Assigned reviewer 3:

This paper is generally clear, with a few exceptions as noted below. The paper extends current work in a potentially useful way, although the experiments used to illustrate the method are fairly small and simple.

The theoretical work relates this work to prior work (prop 2), demonstrates applicability to a new domain (prop 1 and 3), and analyzes the algorithm. The usefulness of the algorithm analysis is questionable (e.g. Thm 1 and 2). The resulting bound grows with the square of the log of the number of actions (where this is actually the number of possible locations on the path, as each action is "visit location x") as compared to the optimal cost. This does not seem especially tight for application with any reasonable-sized problem.

A >>>
We agree that the bounds are not as tight as we like due to log |X|^{2+e} factor. Unfortunately, this is derived from a state-of-the-art polynomial time polymatroid path planning algorithm. We speculate that the algorithm will be good for most practical cases. Otherwise, we can replace the polynomial time path planning with general search algorithms

A couple of clarity issues:
line 110, should this inequality be reversed as A is a subset of B?

A >>>
Yes, we will correct that in revision.

line 125, what are the conditions for termination of a policy and how is that determined in practice?

A >>>
We terminate when the worst case value of the function given a history is maximum. It will be easier to evaluate termination if the function satisfies minimal dependency condition (prop. 5).

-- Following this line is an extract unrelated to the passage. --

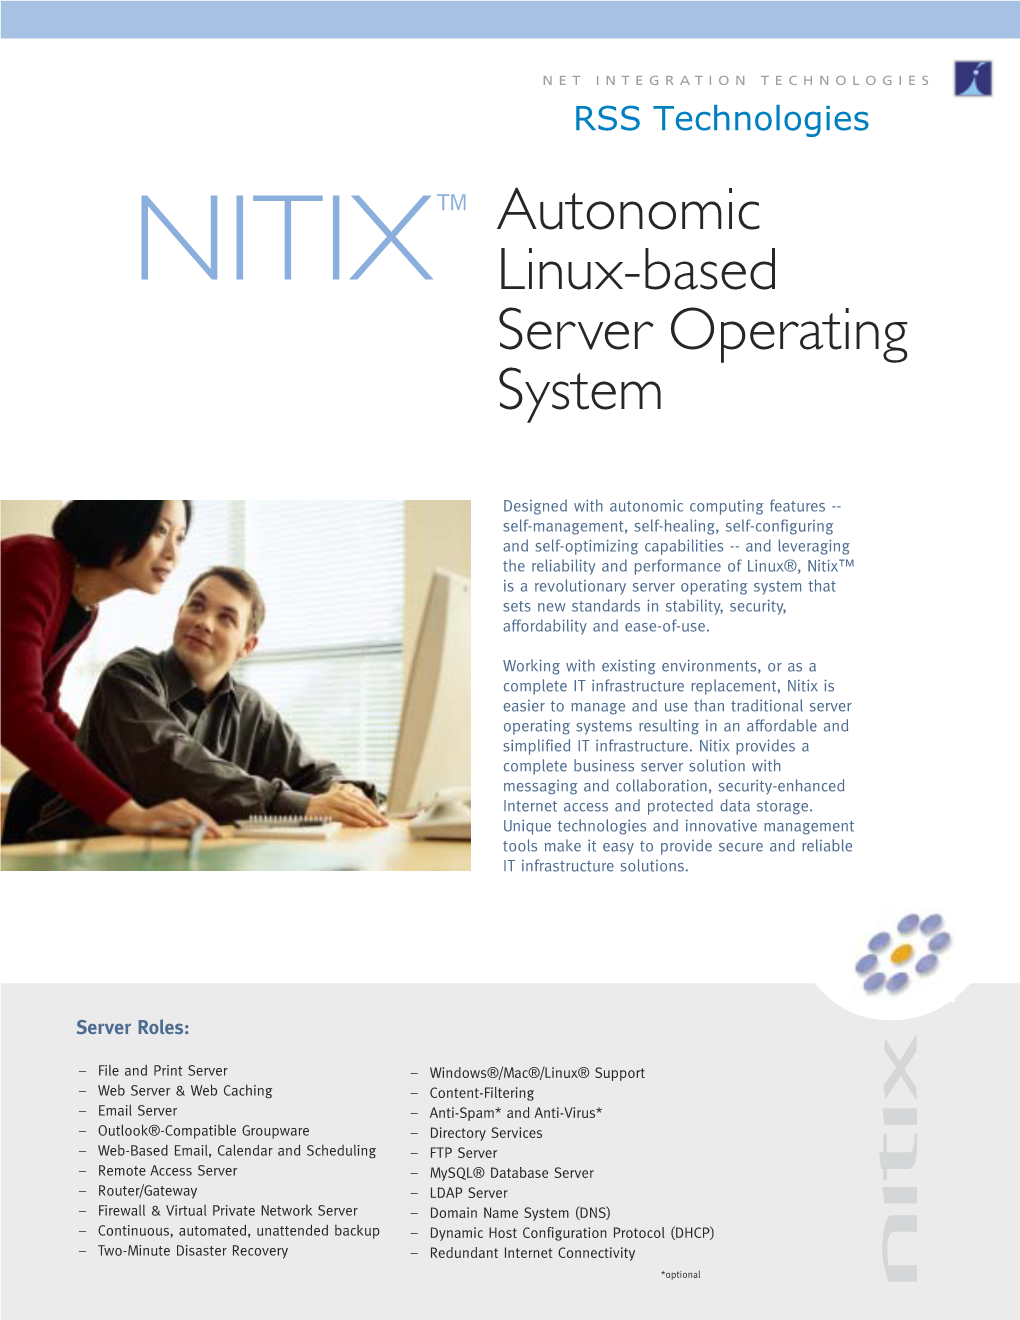 Autonomic Linux-Based Server Operating System

line between 151 and 152, I think some mistakes in notation
A >>>
I think it is correct. However, we intend to revise the notations to be more consistent with Golovin and Krause paper for clarity.

line 216, what are alignment assumptions?

A >>>
We will revise this sentence and bring the short discussion of alignment forward.

experiments: the labels on the plots don't match those in the text. The captions should be more informative and not repeat information already on the plots (Gibbs error)

A >>>
We will correct the mistake in the label. We agree the captions can be simplified.

Assigned reviewer 4:

Thank you for your encouragement.

Assigned reviewer 6:

We thank reviewer for feedback. We will clarify the notations especially for the prior and posterior distributions in the revision.